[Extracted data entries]
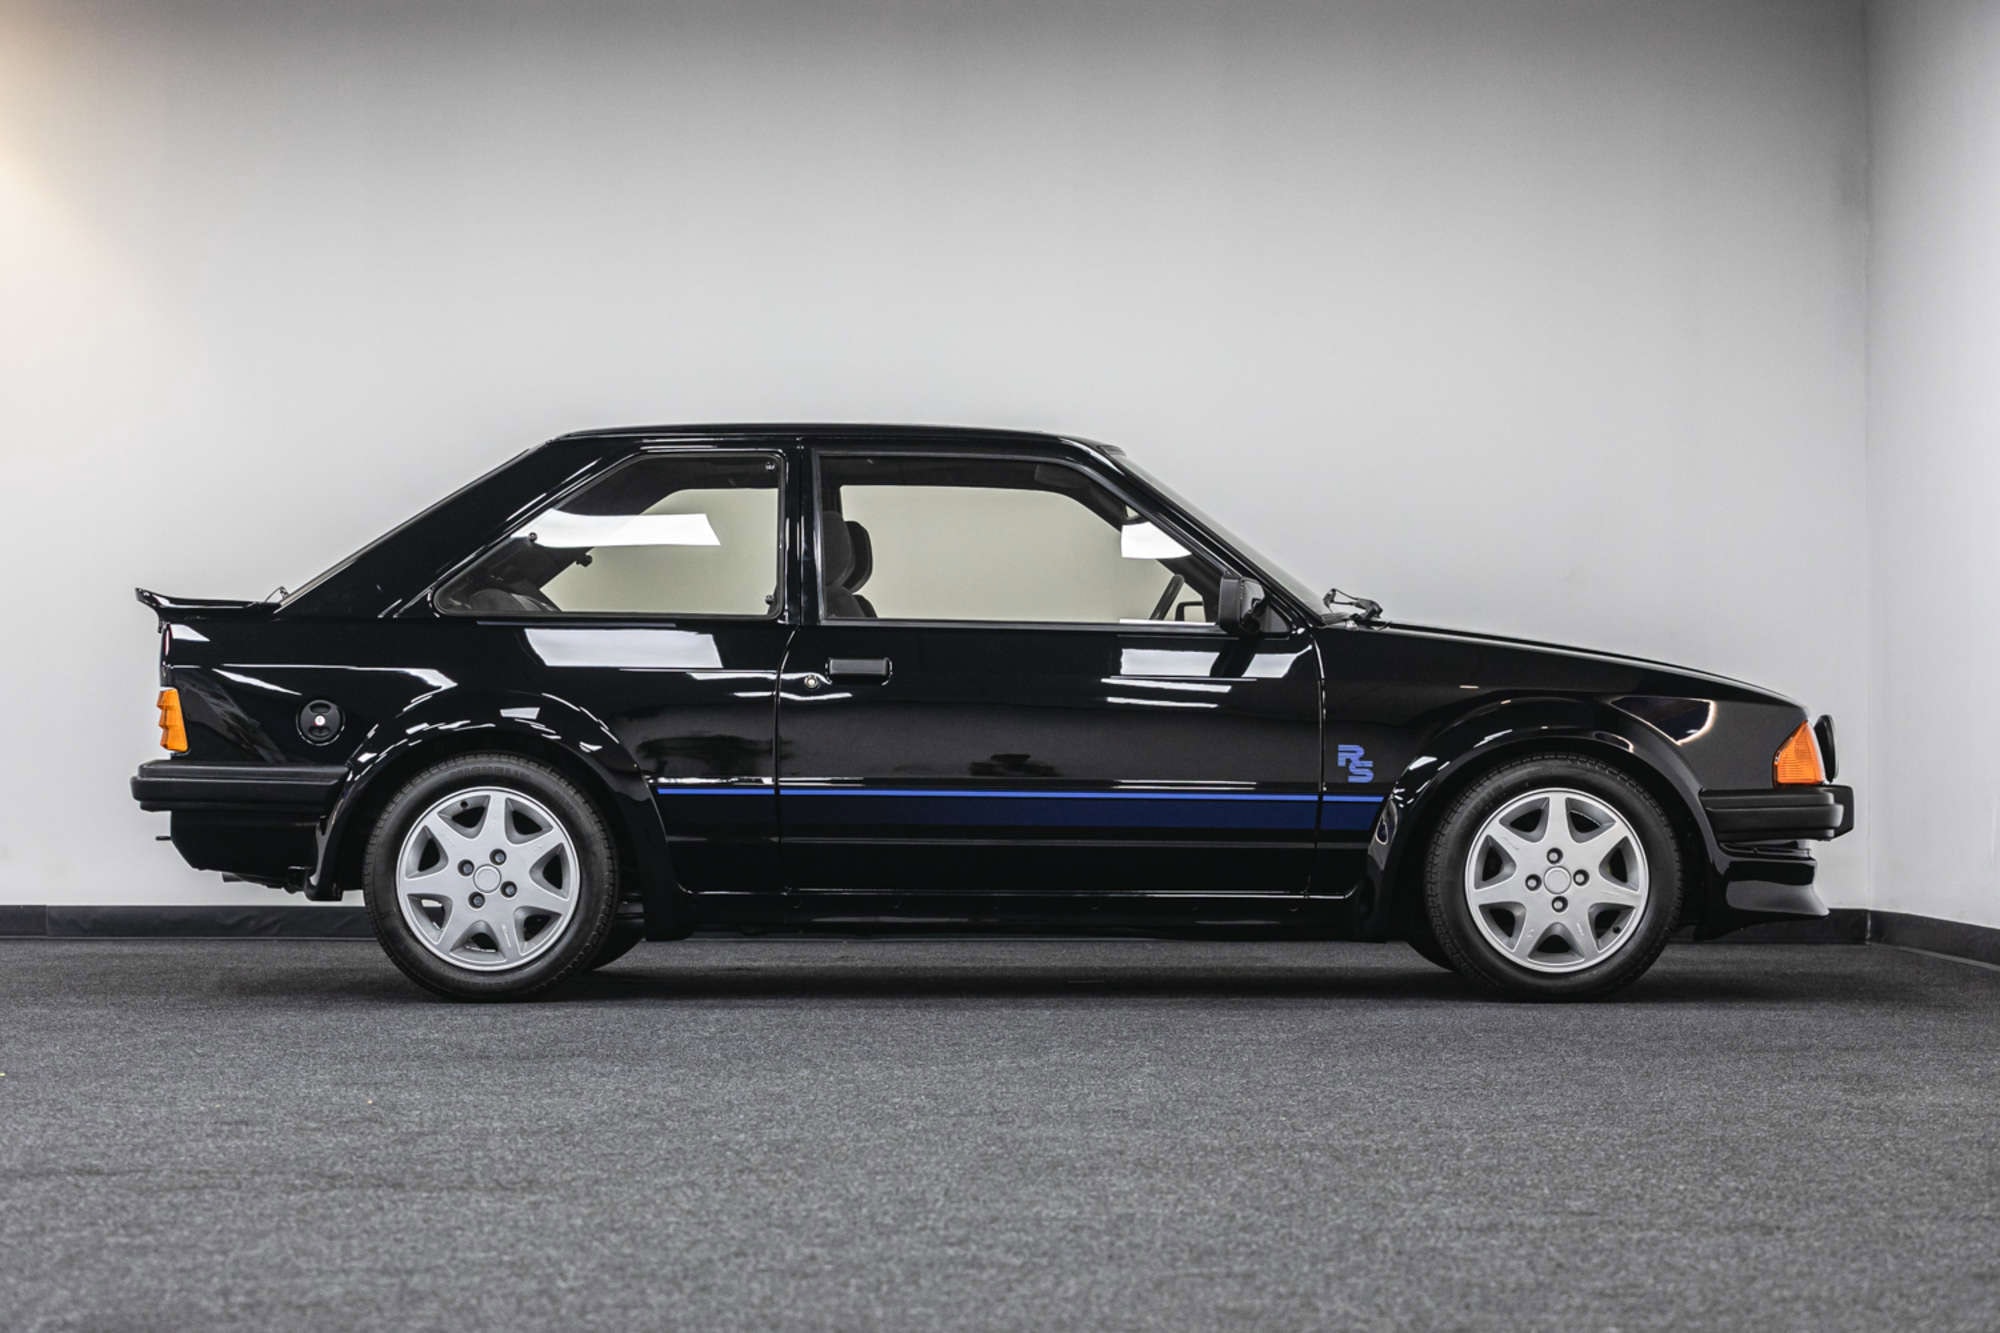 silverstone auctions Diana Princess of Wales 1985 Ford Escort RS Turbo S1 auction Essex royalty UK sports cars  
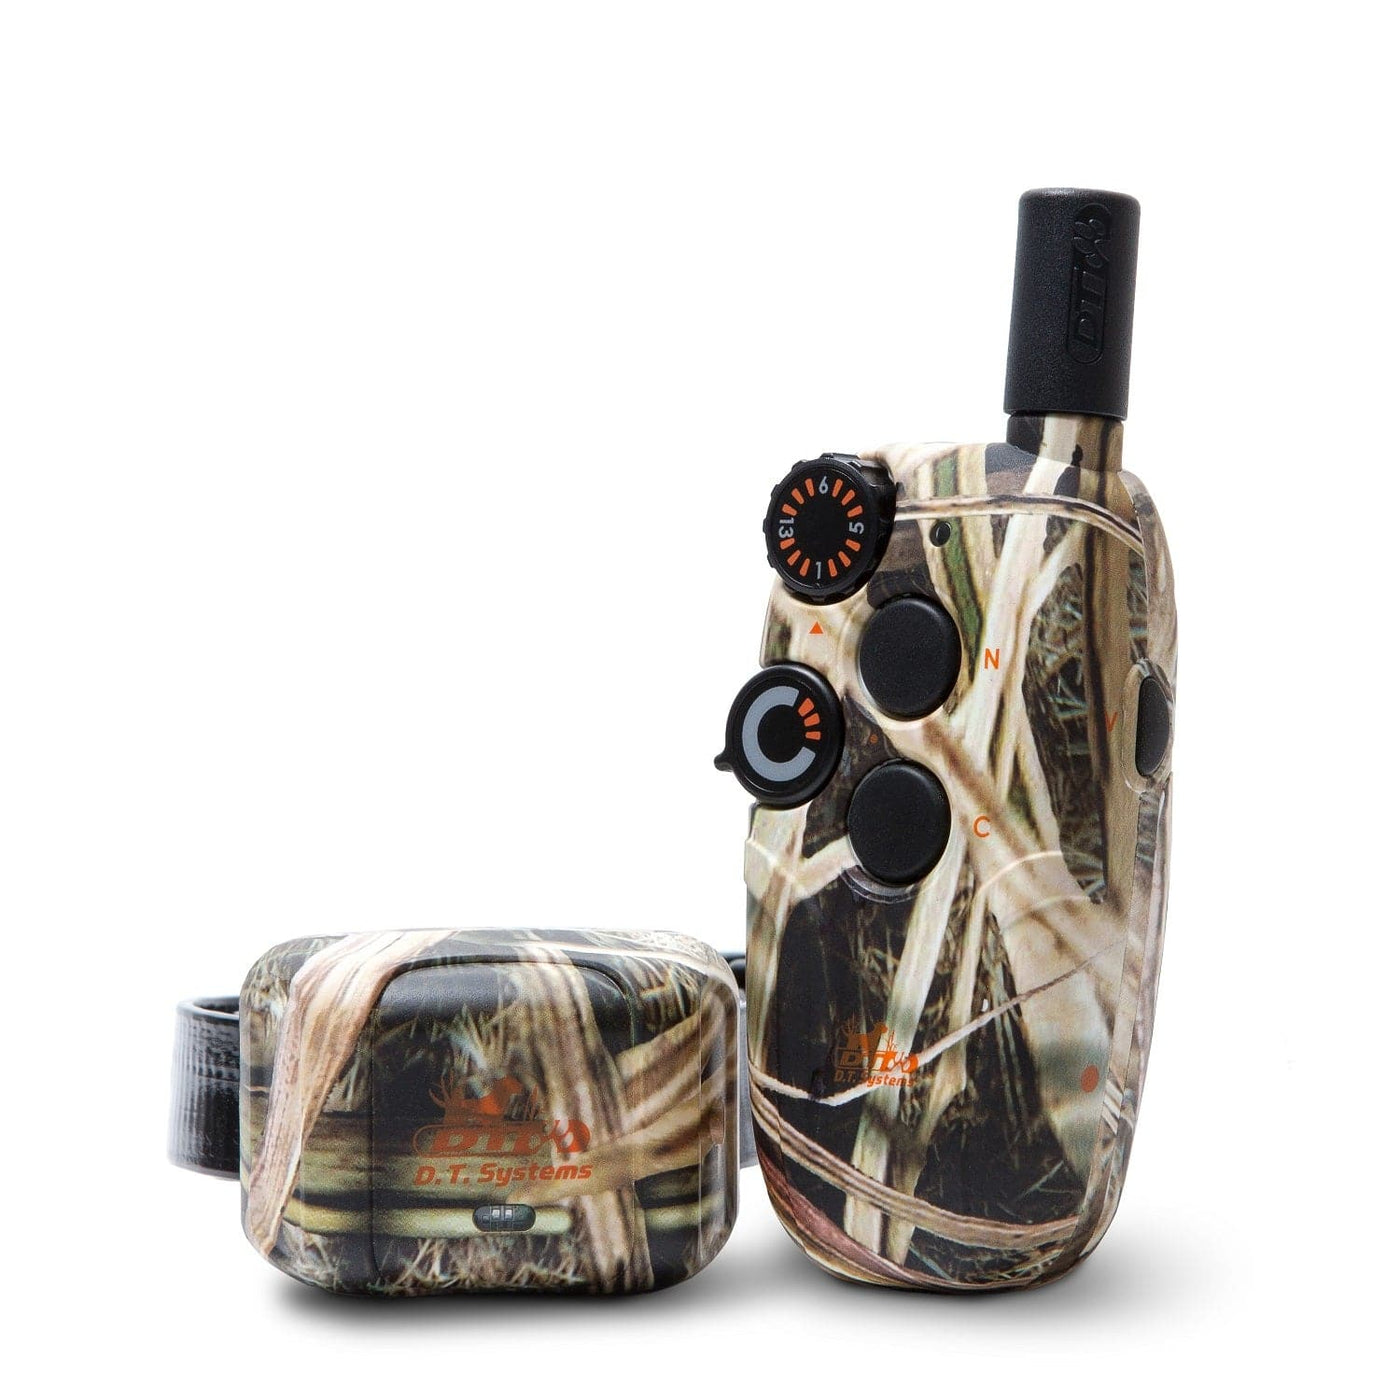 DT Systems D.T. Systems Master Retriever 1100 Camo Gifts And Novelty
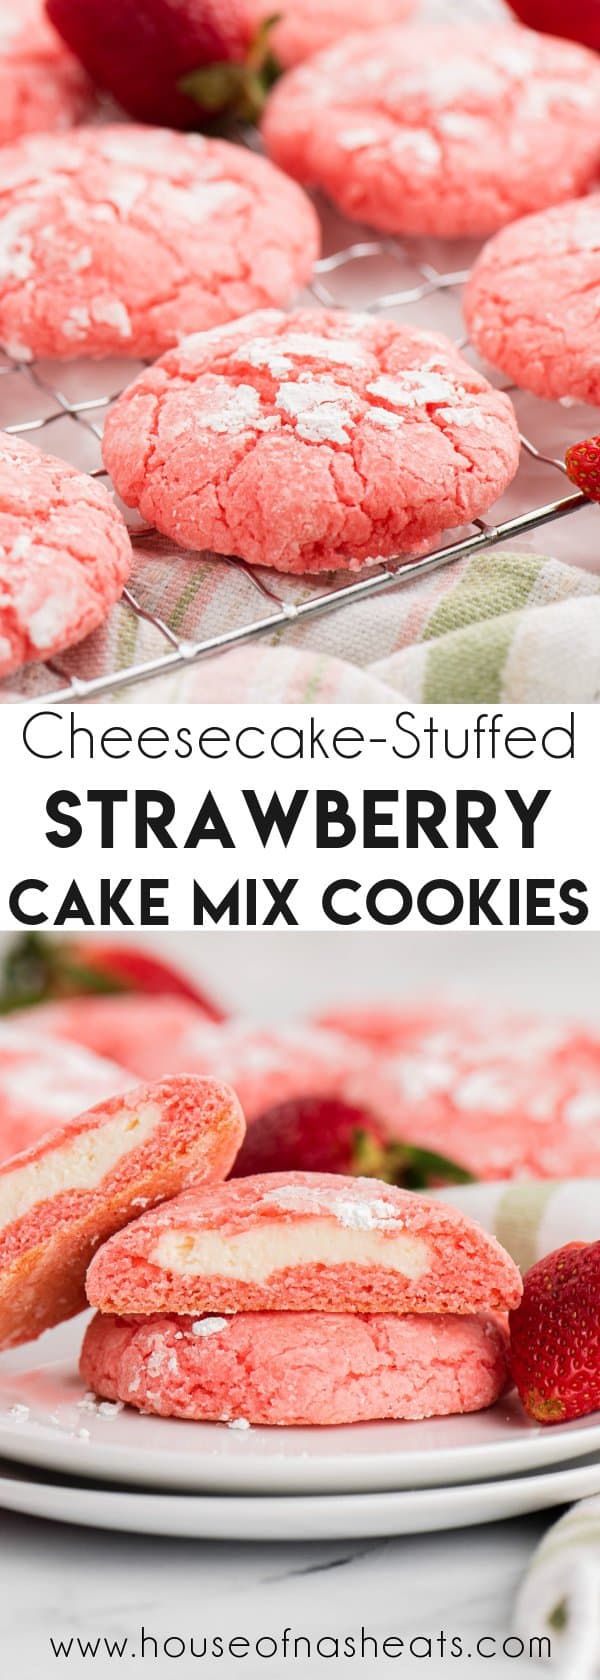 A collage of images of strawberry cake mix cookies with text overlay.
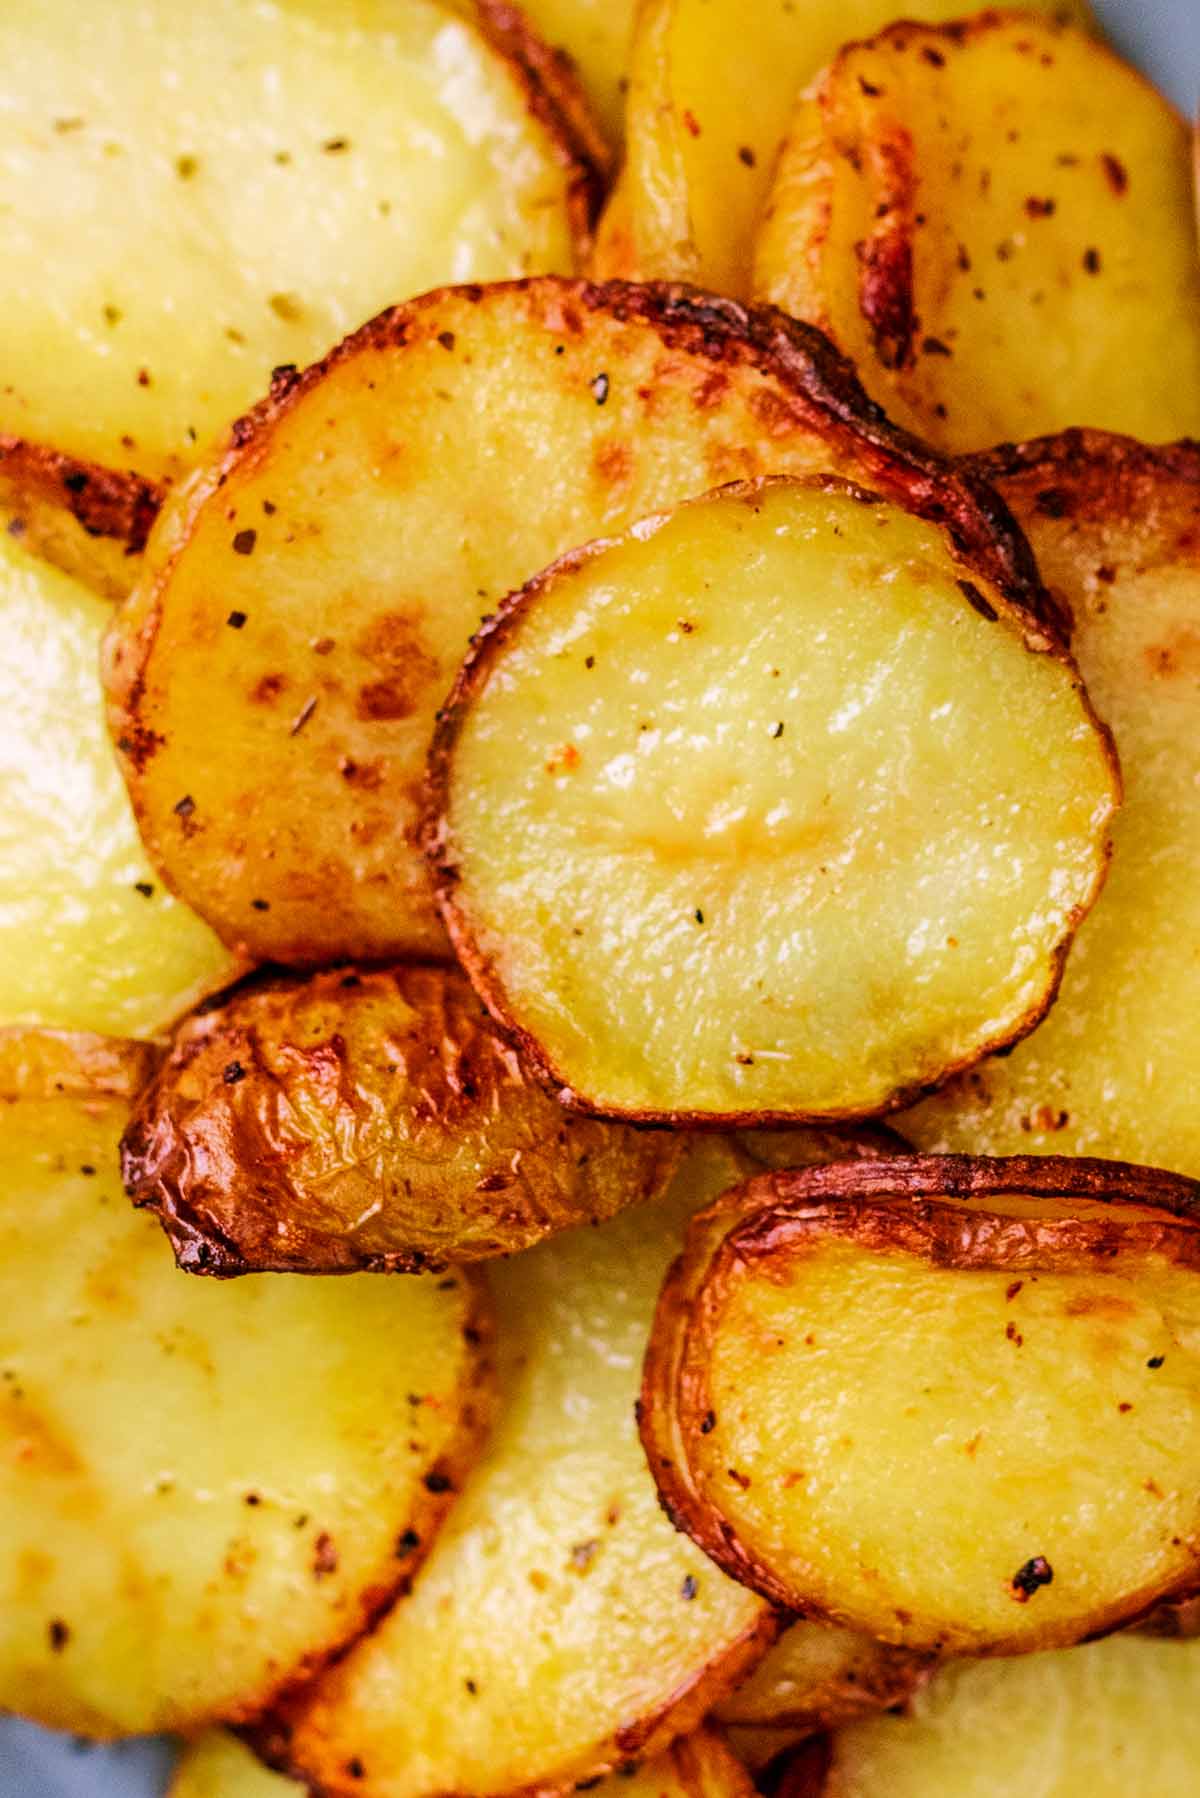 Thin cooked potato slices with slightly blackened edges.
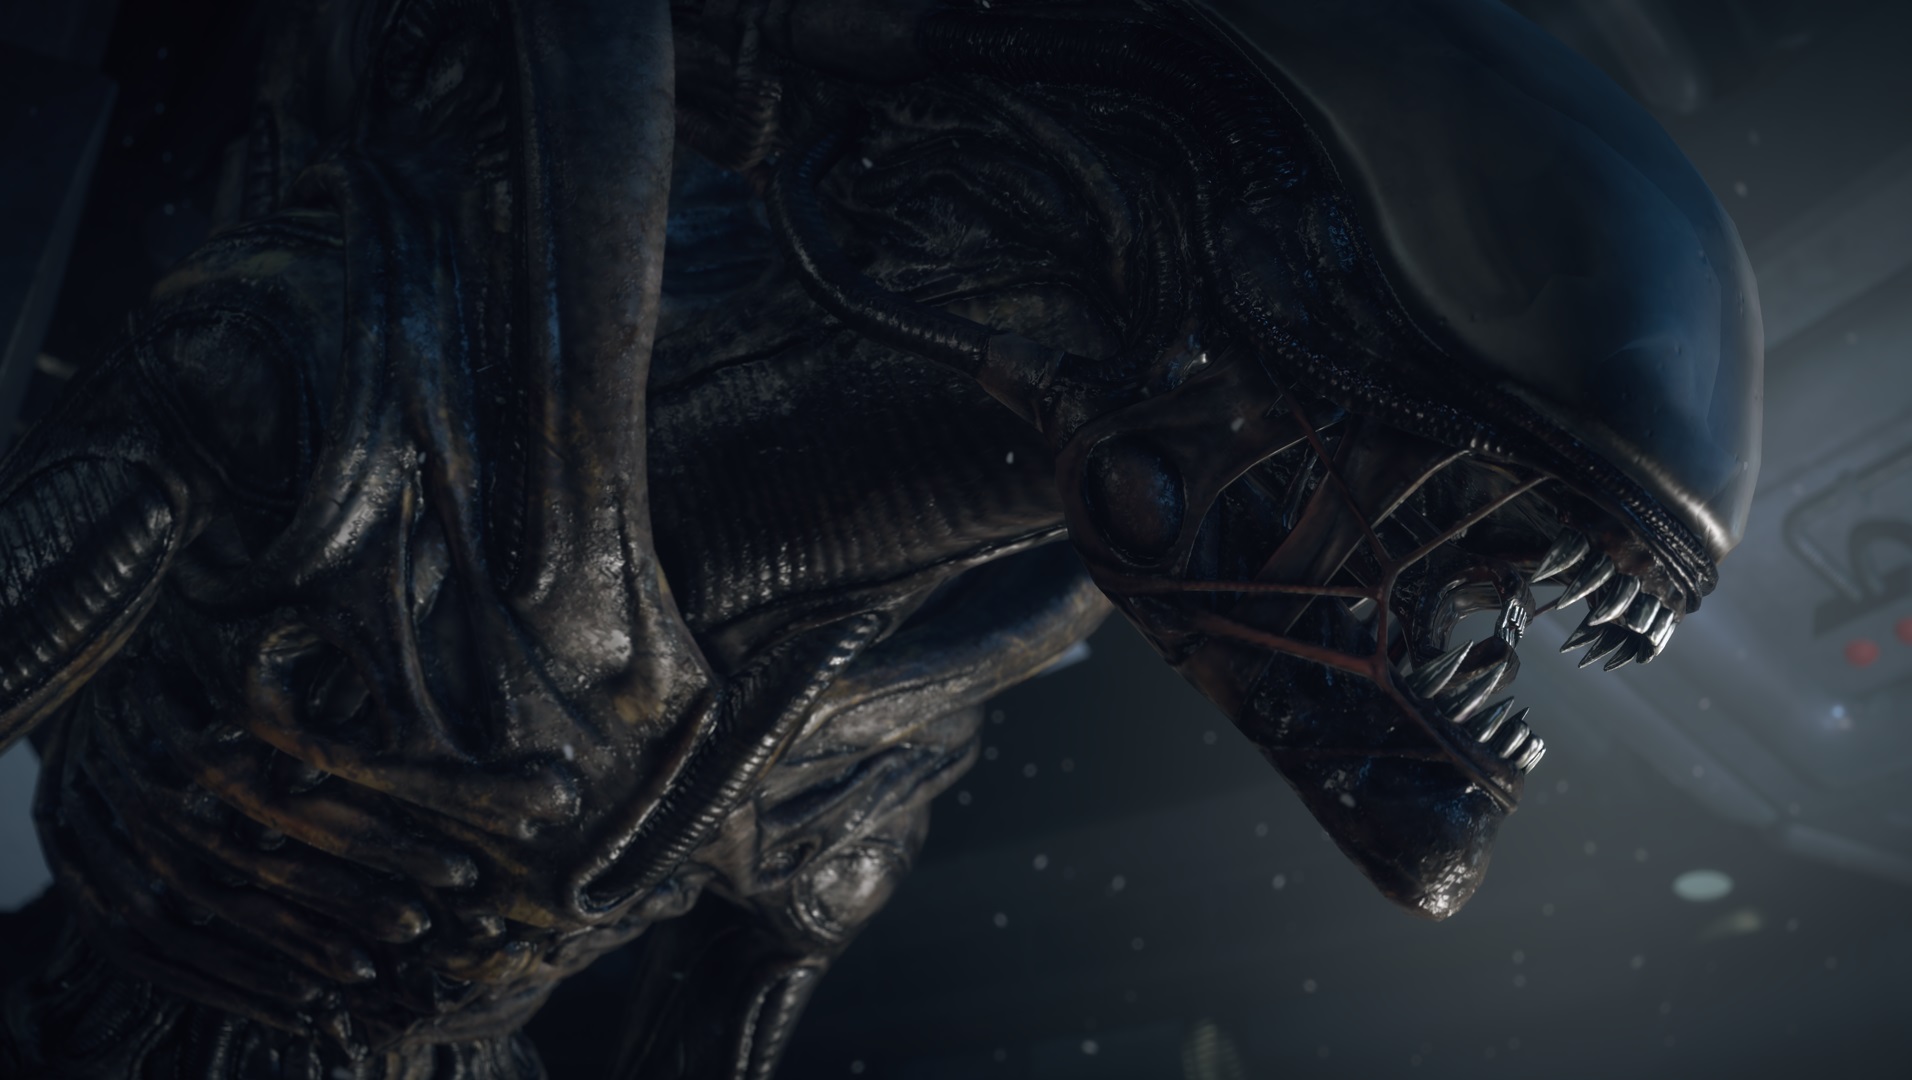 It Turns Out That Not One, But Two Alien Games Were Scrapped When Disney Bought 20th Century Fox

=== Exercise brief ===
Each line of the data is to be duplicated exactly; pictures stay out of the copy.

=== Answer section ===
 silverstone auctions Diana Princess of Wales 1985 Ford Escort RS Turbo S1 auction Essex royalty UK sports cars  
 DT Systems D.T. Systems Master Retriever 1100 Camo Gifts And Novelty
 A collage of images of strawberry cake mix cookies with text overlay.
 Thin cooked potato slices with slightly blackened edges.
 It Turns Out That Not One, But Two Alien Games Were Scrapped When Disney Bought 20th Century Fox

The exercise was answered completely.